The new cluster, nicknamed the Brain (after Pinky's smarter half on Animaniacs), consisted of 33 SGI 1400L systems, each with four Pentium III Xeon processors at 550MHz, 2GB of memory, a 10/100Mbps Ethernet interface and an 18GB UW-SCSI system disk. One system was configured as a front end or interactive node with more disks, a second Ethernet interface and an 800Mbps high-performance parallel interface (HIPPI) network interface. The other 32 systems were configured as compute nodes, with two 1.28Gbps Myrinet interfaces each. The reason for putting two Myrinet cards in each system was to increase the available network bandwidth between the nodes; the SGI 1400 systems have two 33MHz 32-bit PCI buses, so one Myrinet card was installed in each PCI bus (a single Myrinet card can easily saturate a 33MHz 32-bit PCI bus, so installing two in a single PCI bus is not a good idea). The 64 Myrinet cards were initially connected to a complex arrangement of eight 16-port Myrinet switches designed to maximize bisection bandwidth (the amount of bandwidth available if half of the network ports simultaneously attempt to communicate with the other half), but in the final installation these were replaced with a single 64-port Myrinet CLOS-64 switch. A 48-port Cisco Ethernet switch was also purchased to connect to the Ethernet cards in each system. This Ethernet network is private; the only network interface to the cluster accessible from the outside is the second Ethernet interface on the front-end node.

It may seem like overkill to have three separate types of networks (Ethernet, Myrinet and HIPPI) in the cluster, but there is actually a good reason for each. Ethernet is used mainly for system management tasks using TCP/IP protocols. HIPPI is used on the front end for high-bandwidth access to mass storage (more on this later). Myrinet, on the other hand, is intended for use by parallel applications using the MPI message-passing library. For the Brain cluster (as well as its predecessor, Pinky), the MPI implementation used was MPICH, from Argonne National Laboratory. The reason for selecting MPICH over LAM was that the developers at Myricom had developed a ch_gm driver for MPICH that talked directly to the GM kernel driver for the Myrinet cards, bypassing the Linux TCP/IP stack entirely and allowing for much higher bandwidth and lower latency than would be possible over TCP/IP. There have been several other MPI implementations for Myrinet, such as FM (fast messaging) and AM (active messaging), but these did not appear to be as robust or well supported as MPICH/ch_gm.

Installation

The system was initially assembled and tested in one of SGI's HPC systems labs in Mountain View, California during October 1999. It was then shipped to Portland, Oregon where it was featured and demoed prominently in SGI's booth at the Supercomputing '99 conference. After SC99, the cluster was dismantled and shipped to OSC's facility in Columbus, Ohio where it was permanently installed.

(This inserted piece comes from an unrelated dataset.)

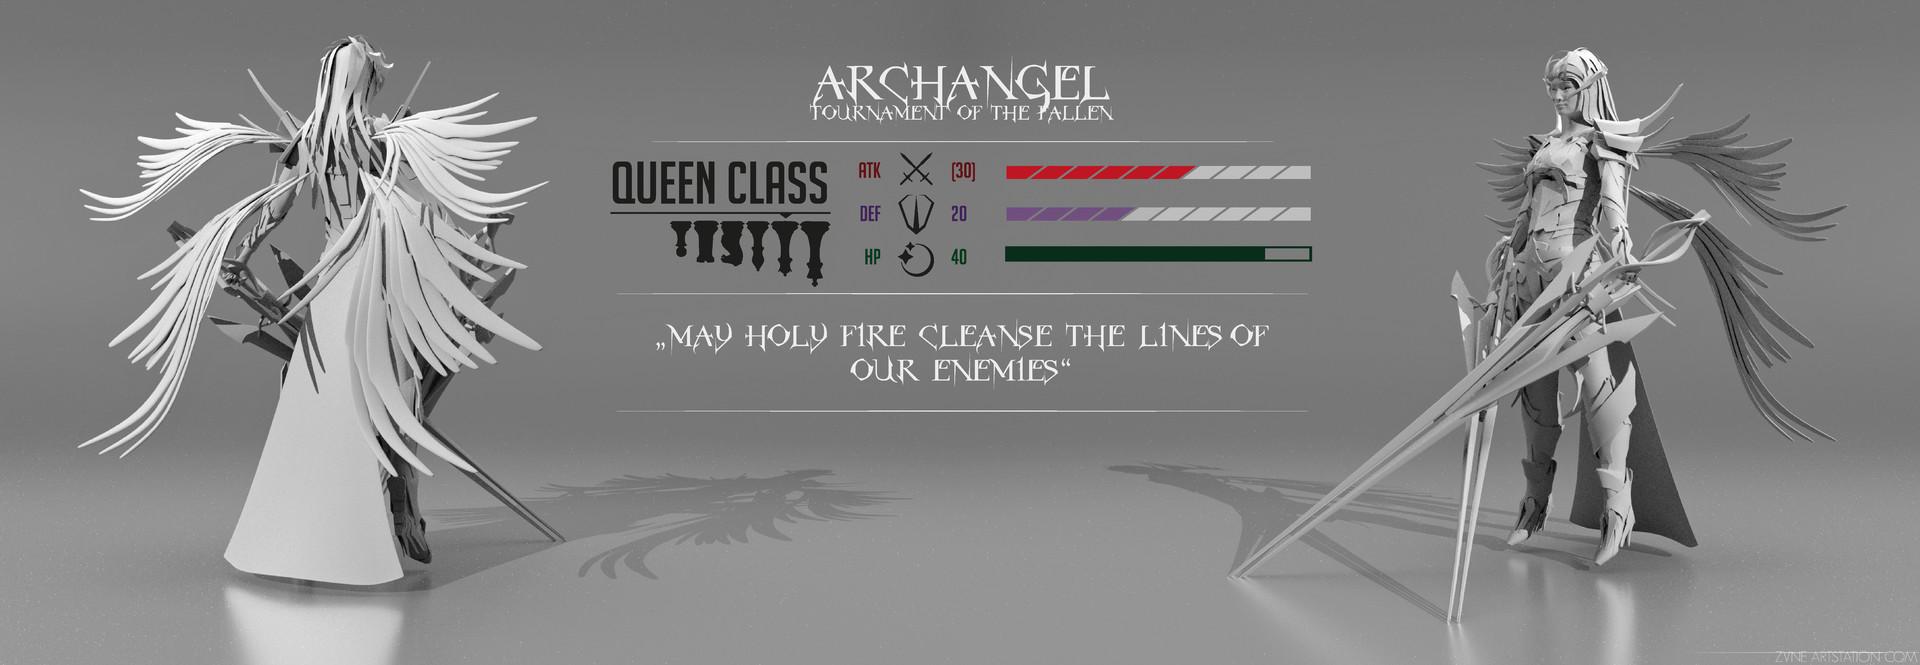 Zane s archangel stats 01 01

The final installation bears some discussion with respect to floor space, power and cooling. As finally installed, the cluster was comprised of seven racks, six with five 1400 nodes each and one with three 1400 nodes, the Myrinet CLOS-64 switch, the Ethernet switch and a console server (see Figure 1). One of SGI's on-site computer engineers (CEs) estimates that each rack weighs something on the order of 700 pounds, and he insisted on having the raised floor in the area where the cluster was installed reinforced (to put this in perspective, the only other OSC system that required floor reinforcement was a Cray T94, which weighs about 3,800 pounds). Each SGI 1400 unit has three redundant power supplies rated at 400 watts, requiring a total of twenty 20-amp circuits to be installed to supply electrical power. The front-end node was placed on UPS, while the compute nodes were placed on building power. Cooling for the room was found to be adequate; the heat load generated by 33 1400Ls ended up being inconsequential next to the cooling requirements for OSC's Cray systems and the Ohio State University's mainframes, all of which are housed in the same facility.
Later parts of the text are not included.